Three days after the quarrel, Prince Stepan Arkadyich Oblonsky—Stiva, as he was called in the fashionable world—woke at eight o’clock in the morning, not in his wife’s bedroom, but within the oxygen-tempered Class I comfort unit in his study. He woke as usual to the clangorous
thumpthumpthump
of booted robot feet crushing through the snow, as a regiment of 77s tromped in lockstep along the avenues outside.
Our tireless protectors,
he thought pleasantly, and uttered a blessing over the Ministry as he turned over his stout, well-cared-for person, as though to sink into a long sleep again. He vigorously embraced the pillow on the other side and buried his face in it; but all at once he jumped up, banging his rotund forehead against the glass ceiling of the I/Comfort/6, and opened his eyes.
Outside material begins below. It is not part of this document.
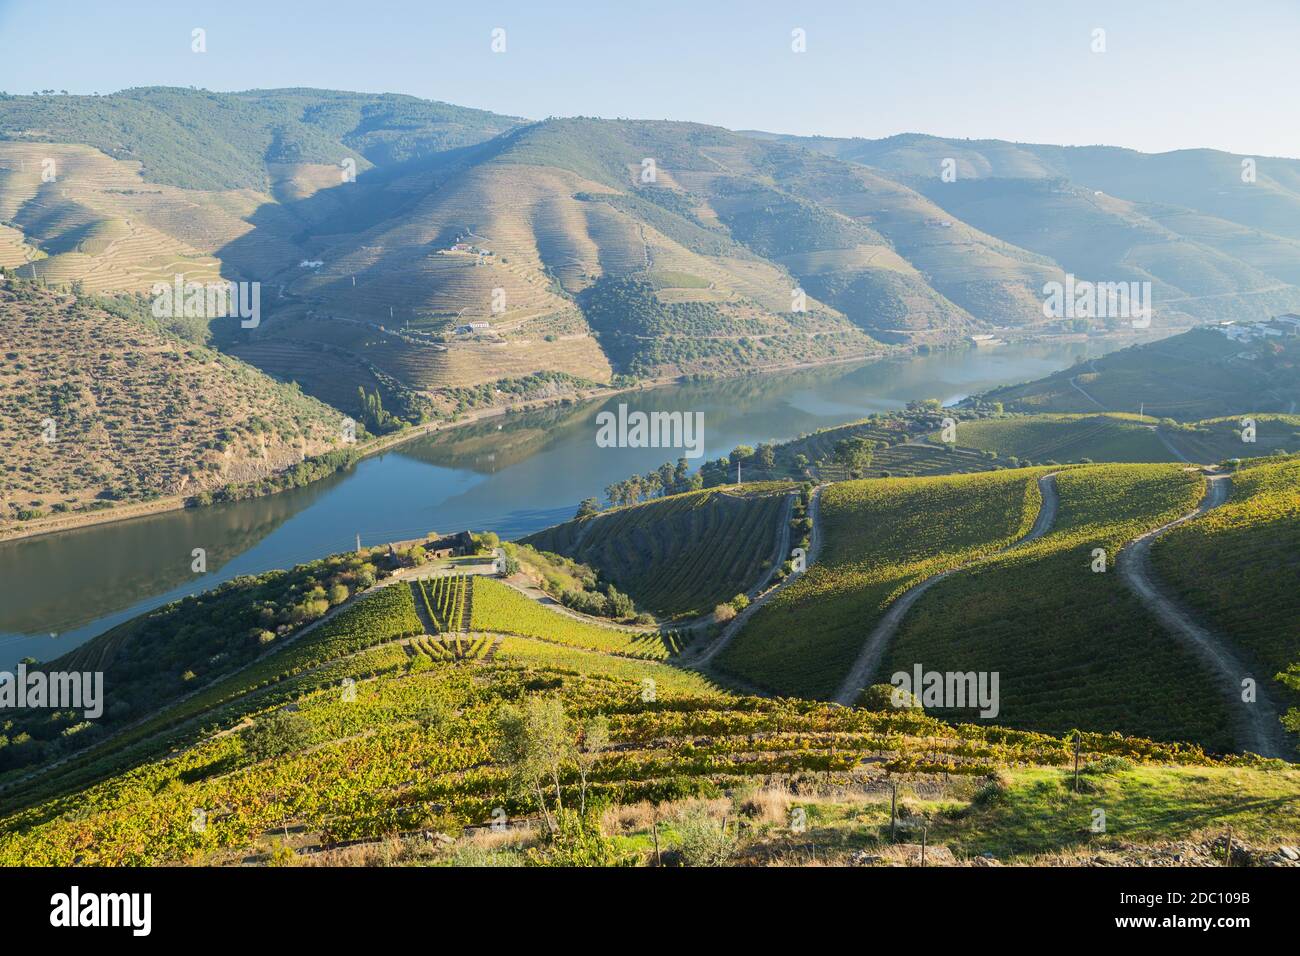 Scenic view of the Douro Valley and river with terraced vineyards near the village of Tua, Portugal Stock Photo

He suddenly remembered that he was not sleeping in his wife’s room, but in his study, and why: the smile vanished from his face, he knitted his brows.
Small Stiva, Stepan Arkadyich’s Class III companion robot, clomped happily into the room on his short piston-actuated legs, carrying his master’s boots and a telegram. Stiva, as yet unprepared to undertake the day’s obligations, bid his Class III come a bit closer, and then swiftly pressed three buttons below the rectangular screen centered in Small Stiva’s midsection. He sat back glumly in the I/Comfort/6, while every detail of his quarrel with his wife was displayed on Small Suva’s monitor, illuminating the hopelessness of Suva’s position and, worst of all, his own fault.
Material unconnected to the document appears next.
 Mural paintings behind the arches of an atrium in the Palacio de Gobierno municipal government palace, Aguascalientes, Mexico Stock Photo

“Yes, she won’t forgive me, and she can’t forgive me,” Stepan Arkadyich moaned when the Memory ended. Small Stiva made a consoling chirp and piped,
“Now, master: She might forgive you.”
Stiva waved off the words of consolation. “The most awful thing about it is that it’s all my fault—all my fault, though I’m not to blame. That’s the point of the whole situation.”